California — White cats are the most most abundant species of catfish in California, according to biologist Dennis Lee. Most large reservoirs provide good fishing, though the Cal Delta region of the Sacramento River is best for numbers of white cats and a potential trophy.
Delaware — No species of catfish has gamefish status in Delaware, and the state lumps all species together for state record consideration. White cats are native to the Delaware system, however, and the C & D Canal remains a top fishery.
Florida — Native populations of white catfish are found in the St. Johns and Withlacoochee river systems. The St. Johns River supports a commercial fishery for white and channel cats, but neither species attracts heavy recreational fishing pressure.
Georgia — White catfish are found in most of the state's major river systems, though sampling indicates they're not abundant. Lakes Jackson, Oconee, and Sinclair support thriving commercial and recreational fisheries for both white and channel catfish.
Kentucky — Little is known of white catfish distribution in Kentucky. They are found in the Ohio River, and Kinniconick and Tygarts Creeks. Guist Creek and Taylorsville lakes also are considered top fisheries.
Maryland — White cats are native to the Potomac River drainage, but little more is known about their distribution or popularity.
Massachusetts — The Bay State does not manage white catfish populations. In the future, though, their increasing popularity with anglers may require regulations. Top fisheries include the Connecticut, Merrimack, and Charles rivers, as well as several lakes and ponds in the eastern part of the state.
Nevada — The popularity of white and channel catfish is increasing as more anglers discover this overlooked resource. Records from the state's Trophy Fish Program indicate that Carson and Humboldt rivers and the Indian lakes are consistent producers of big white cats.
New Jersey — White catfish are present in most rivers and streams, except those in the outer coastal plain where the water is too acidic and poorly buffered. They are most abundant in the Delaware River and its major tributaries. Lakes Hopatcong, Musconetcong, Greenwood, and Budd offer the best shot at a trophy white.
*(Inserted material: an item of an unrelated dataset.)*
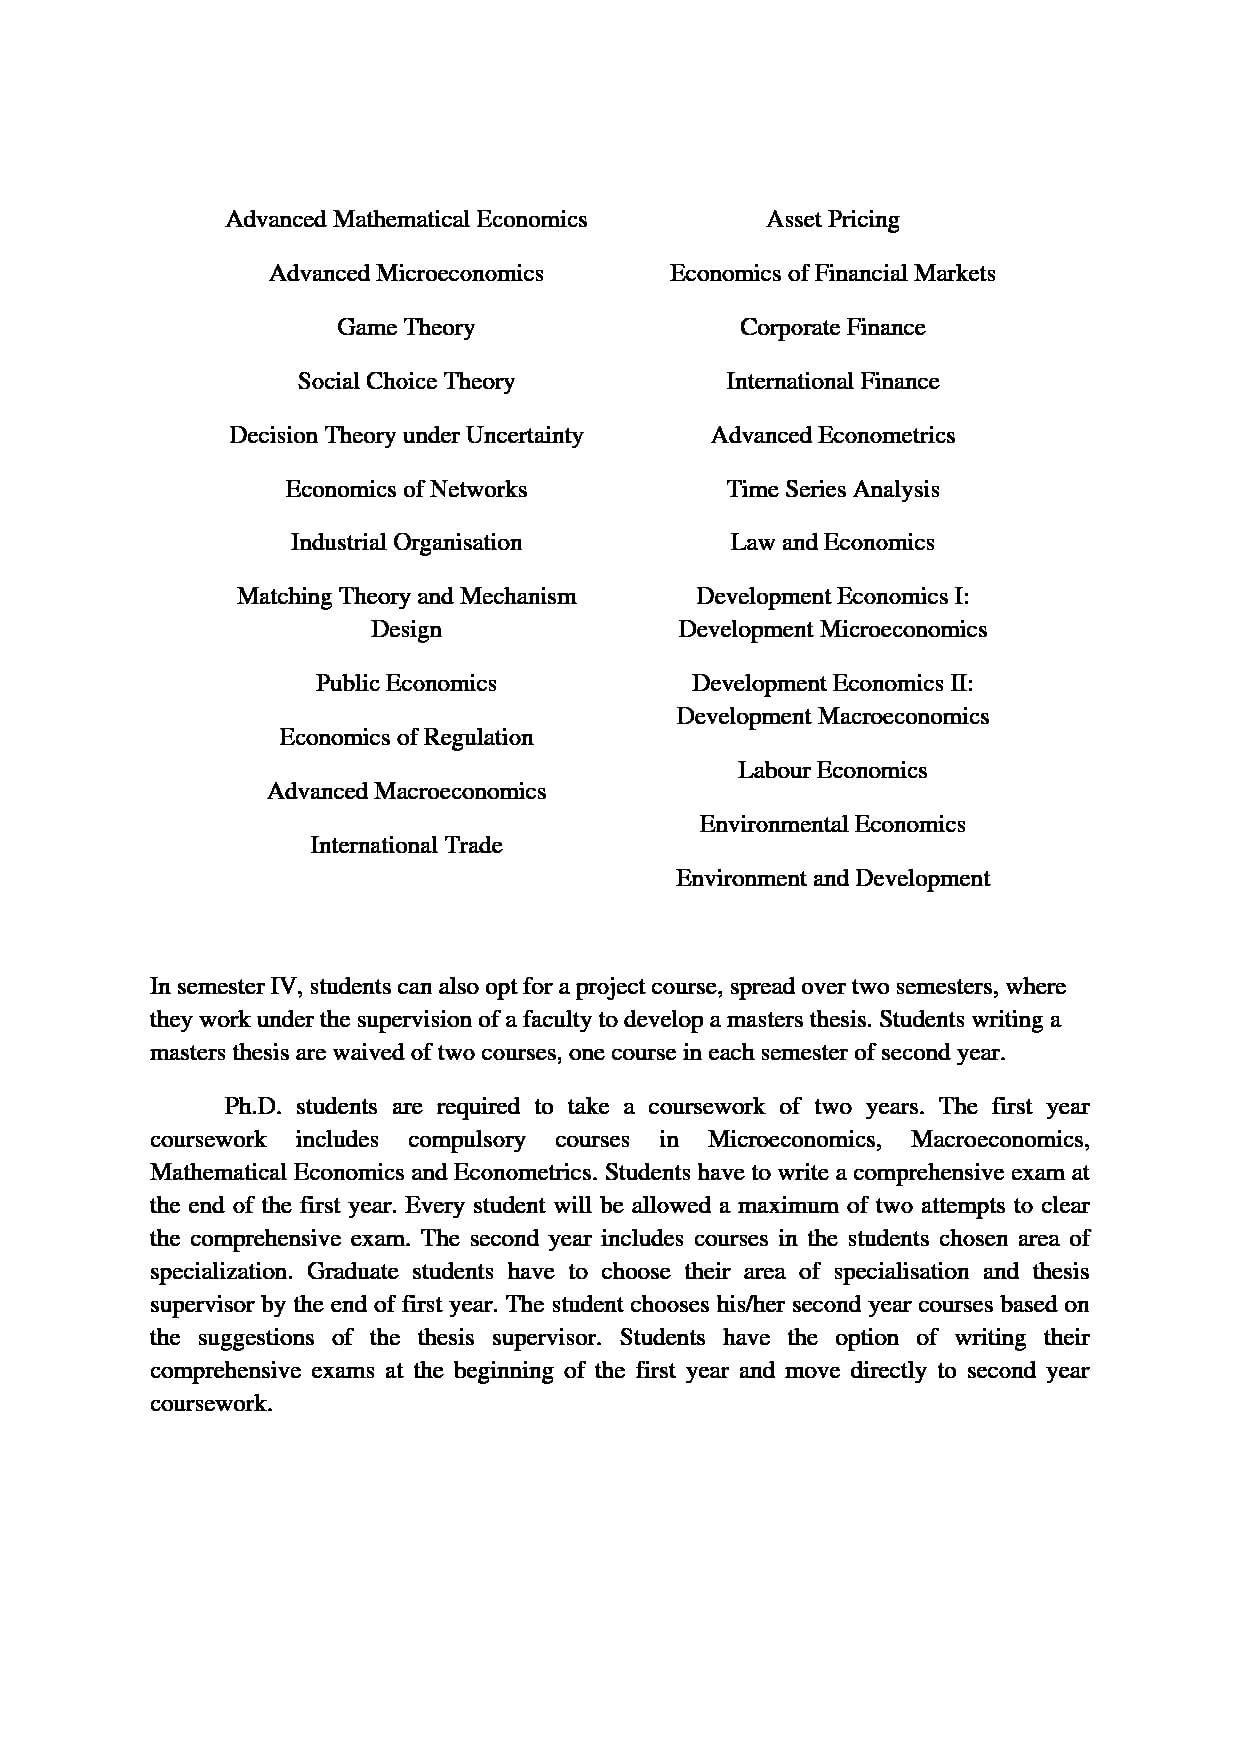 cats dog essay english pdf download

New York — White cats are native to New York, and underfished populations exist in the Mohawk and Hudson river drainages. Cats in the 2- to 3-pound range are common, and fish approaching the 9-pound 12-ounce state record are occasionally caught. Commercial fishing is allowed on the Hudson River, but contaminant levels in catfish are currently too high to permit harvest.
North Carolina — There are no size or creel limits on catfish in North Carolina, and little information is available on white cat distribution. The French Broad River on the Tennessee River drainage and a number of lakes and ponds across the state support healthy white cat populations.
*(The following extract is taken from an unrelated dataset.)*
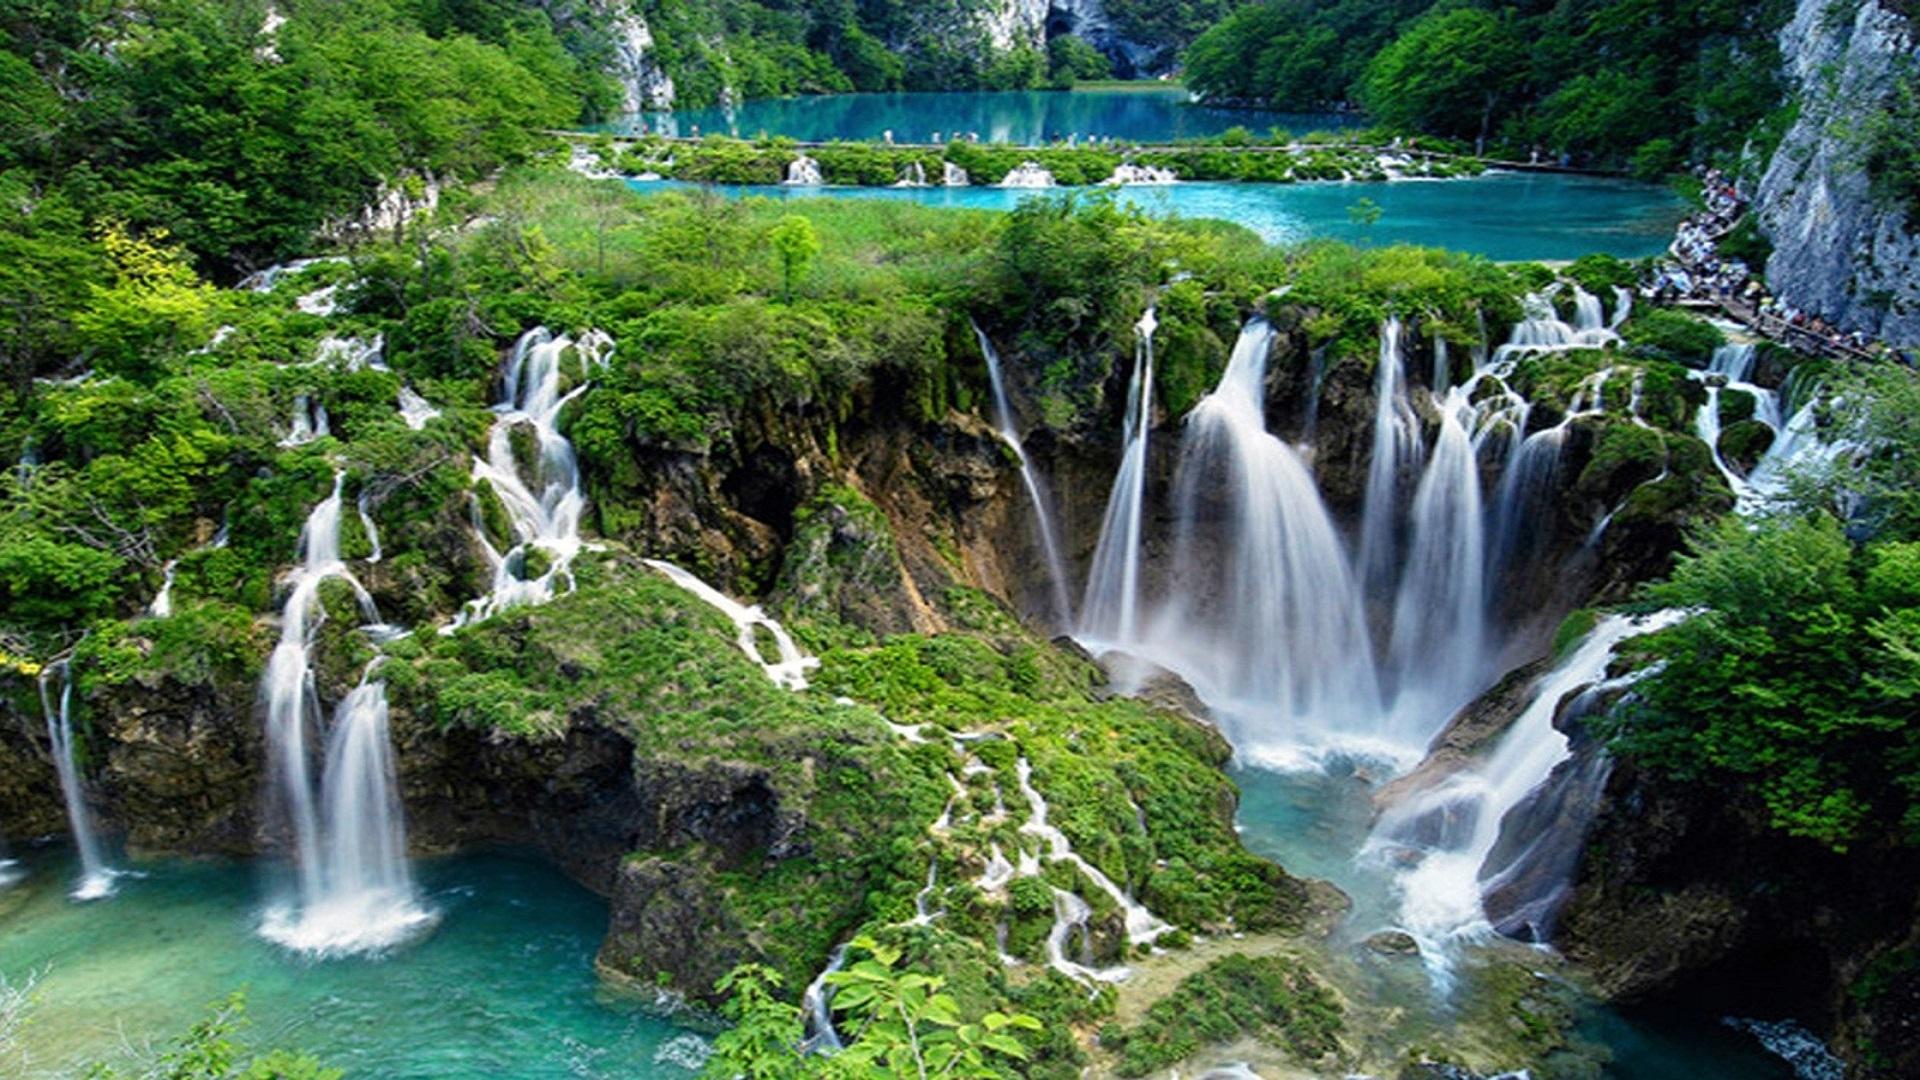 nature_waterfalls_wallpapers_for_desktop_free_hd - hd wallpaper

Pennsylvania — The Pennsylvania Fish Commission has found white cats easy to raise in hatchery ponds, but difficult to establish in many impoundments. Top fisheries include pools on the Susquehanna River, the Delaware River, Greenlane Reservoir, and Lake Ontelaunee.
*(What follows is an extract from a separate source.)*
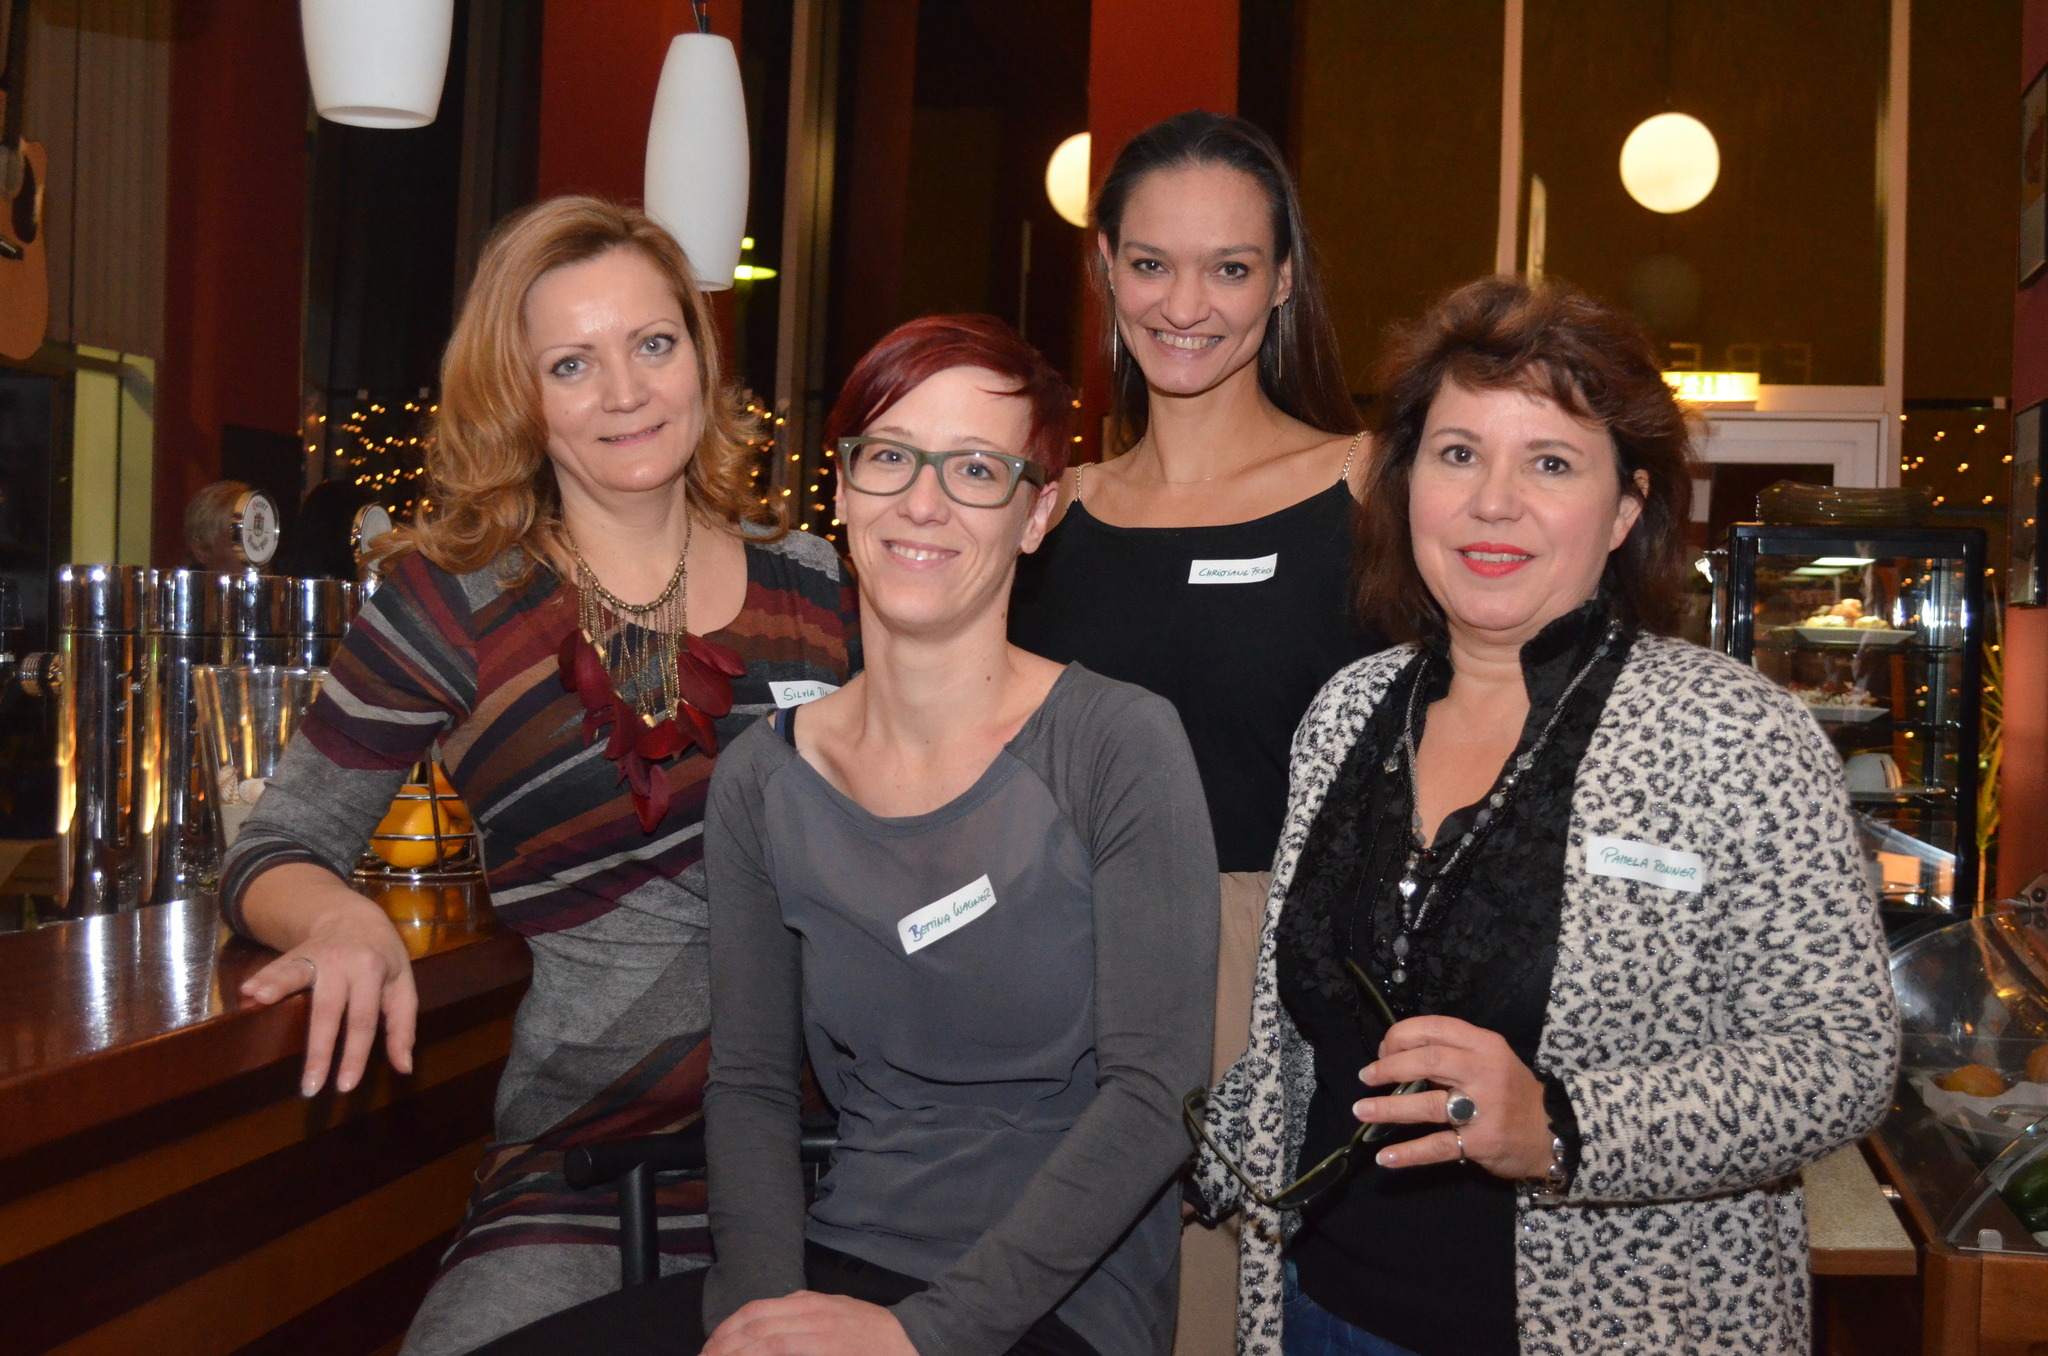 Singlebrse in Semriach bei Graz-Umgebung und Singletreff

South Carolina — White cats, distributed throughout the state, remain an untapped angling resource. Biologists have noted a sharp decline in white cat numbers when blue or flathead catfish are stocked in the same river system, but they continue to exist. Any of the upstate reservoirs are good for numbers of white cats, though none is considered a trophy fishery.
Virginia — The Rappahannock, James, Chickahominy, and other tidal rivers contain good white catfish populations, though most whites are caught by anglers pursuing blue and channel cats. White catfish are also native to the Suffolk lakes on the southeastern coastal plain.
West Virginia — No records of white catfish catches are maintained, though the species is native to the Potomac River.